When is it okay to stretch?

When Is It Okay to Stretch with Proximal Hamstring Tendinopathy

Proximal hamstring tendinopathy, also known as high hamstring tendinopathy, is a painful condition that affects the hamstring tendons near the sit bone. One common question that arises in the management of this condition is, “When is it okay to stretch?” In this blog-style article, we will explore the misconceptions surrounding stretching for proximal hamstring tendinopathy, the evolving beliefs, and the middle ground for safe stretching.


Proximal hamstring tendinopathy (PHT) is a condition that has gained recognition in recent years. While it was relatively unknown a decade ago, it has become a more prevalent issue, especially among athletes. Initially, the advice for individuals with PHT was to stretch to alleviate symptoms. Stretching the hamstring was believed to provide relief and reduce pain. However, this advice has evolved over time as our understanding of PHT has deepened.

The Misconception of Stretching

In the early stages of recognizing PHT, individuals were often told to stretch their hamstrings as a means of reducing pain and promoting recovery. Stretching the hamstring tendons, especially in the seated position, was commonly practiced. People would bend forward while sitting or extend their legs and reach for their toes, targeting the sore area.

This stretching approach did provide short-term relief for some individuals. The momentary soreness experienced during stretching was often mistaken for a positive sign of targeting the affected area. However, this relief was short-lived and did not address the root cause of PHT. In fact, excessive stretching over time could worsen the condition, contributing to more irritation of the tendons.

The Shift in Beliefs

As our understanding of PHT has deepened, the advice regarding stretching has evolved. We now know that stretching an irritated hamstring tendon can lead to further irritation, especially in cases where the tendinopathy is near the tendon’s insertion point on the sit bone. This is similar to how Achilles tendinopathy near the insertion point on the heel requires a different approach to stretching compared to mid-portion Achilles tendinopathy.

The narrative around stretching for PHT has shifted from “stretching is helpful” to “avoid stretching altogether” in cases of severe soreness. However, this extreme shift in beliefs might not be entirely accurate. Stretching is a normal part of everyday life, and avoiding it completely may not be practical or beneficial.

Finding the Middle Ground

The truth about stretching for PHT lies somewhere in the middle. Every individual’s tendon is different, and the tolerance to stretching can vary significantly. It’s important to recognize that different tendons have varying tolerances to different movements. Therefore, a personalized approach to stretching is crucial.

If you’re unsure when it’s okay to stretch with PHT, consider the following factors:

1. Your Level of Tolerance

  • Recognize that your tolerance for stretching will be unique.
  • Start with short sessions of stretching and gradually increase duration if symptoms remain manageable.

2. Your Goals

  • Consider your specific goals.
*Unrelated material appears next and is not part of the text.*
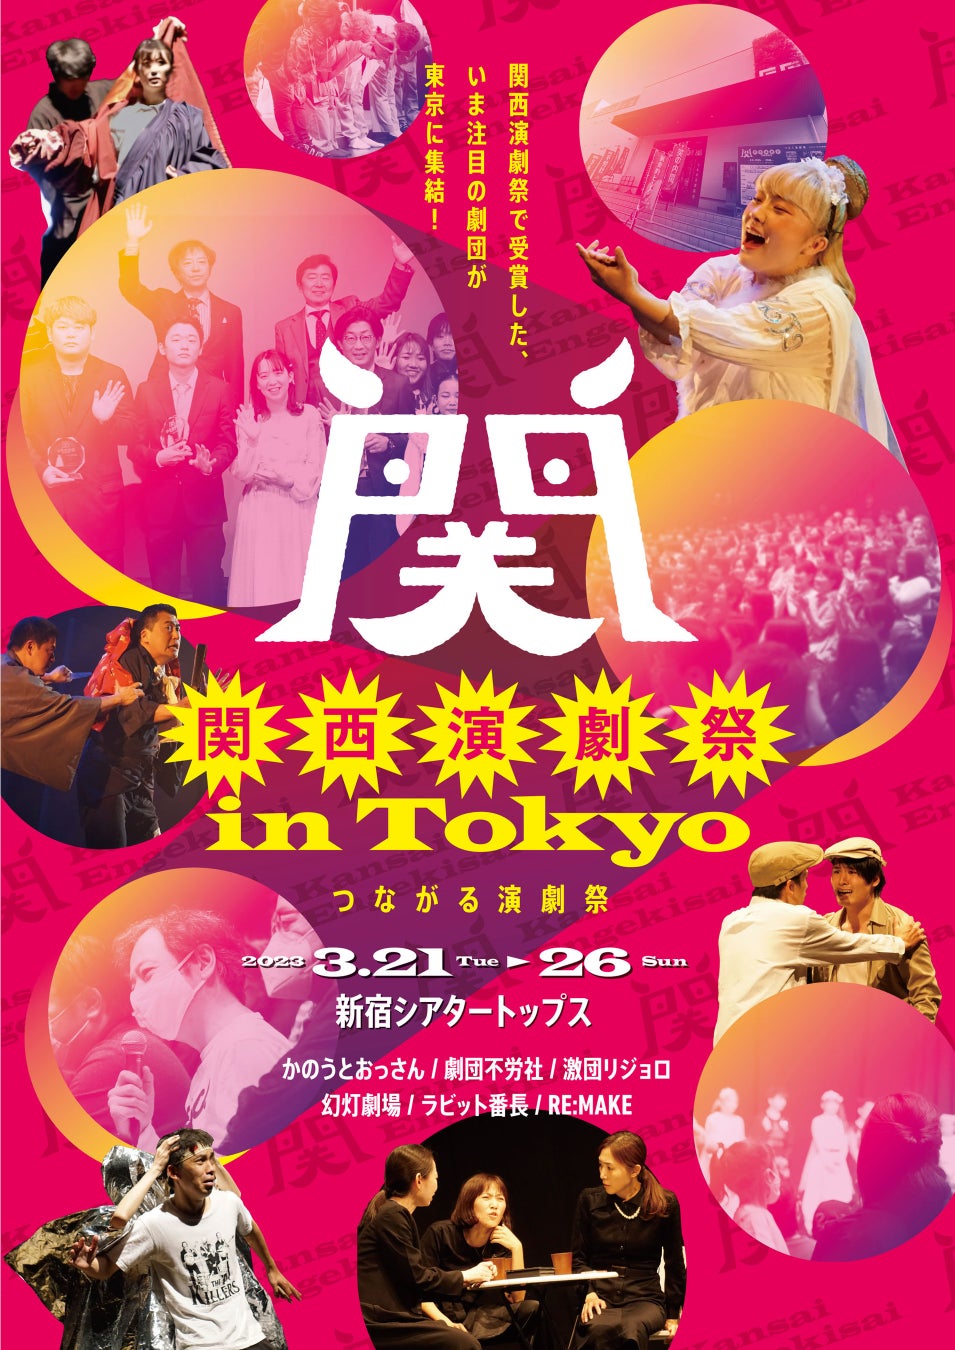 関西演劇祭 in Tokyoが3月21日(火)からスタート&関西演劇祭2023参加劇団募集開始のお知らせ

Do you want to return to everyday activities, sports, or activities that require extensive stretching?
  • Tailor your stretching routine to align with your goals.

3. Trial and Error

  • Experiment with short sessions of stretching to gauge your body’s response.
  • Pay attention to how you feel during and after stretching and assess any changes in symptoms.

4. Gradual Progression

  • If stretching is a part of your daily routine, gradually increase the intensity and duration.
  • Allow your tendon to adapt to stretching over time.

Addressing Fears and Anxieties

It’s common to experience fears and anxieties related to stretching when dealing with PHT. The fear of pain or exacerbating the condition can be overwhelming. However, it’s crucial to understand that stretching, even if it causes temporary soreness, does not worsen the pathology. It’s more like pressing on a bruise; it may be uncomfortable but doesn’t hinder the healing process.

Avoiding stretching altogether can lead to deconditioning of the tendon, making it even more challenging to reintegrate stretching into your routine in the future. It’s essential to address fears and anxieties, recognizing that stretching, when done sensibly, can be part of the rehabilitation process.


In summary, the question of when it’s okay to stretch with proximal hamstring tendinopathy doesn’t have a one-size-fits-all answer. The key is to find your own tolerance level and gradually incorporate stretching into your routine if it aligns with your goals. Stretching sensibly and monitoring your symptoms will help you build resilience and promote healing over time.

If you’re struggling with PHT and need personalized guidance, consider consulting a physiotherapist who specializes in this condition. They can provide tailored advice and rehabilitation strategies to help you on your journey to a pain-free future.

Remember, knowledge is power when it comes to managing proximal hamstring tendinopathy, and finding the right balance with stretching is a crucial part of the process.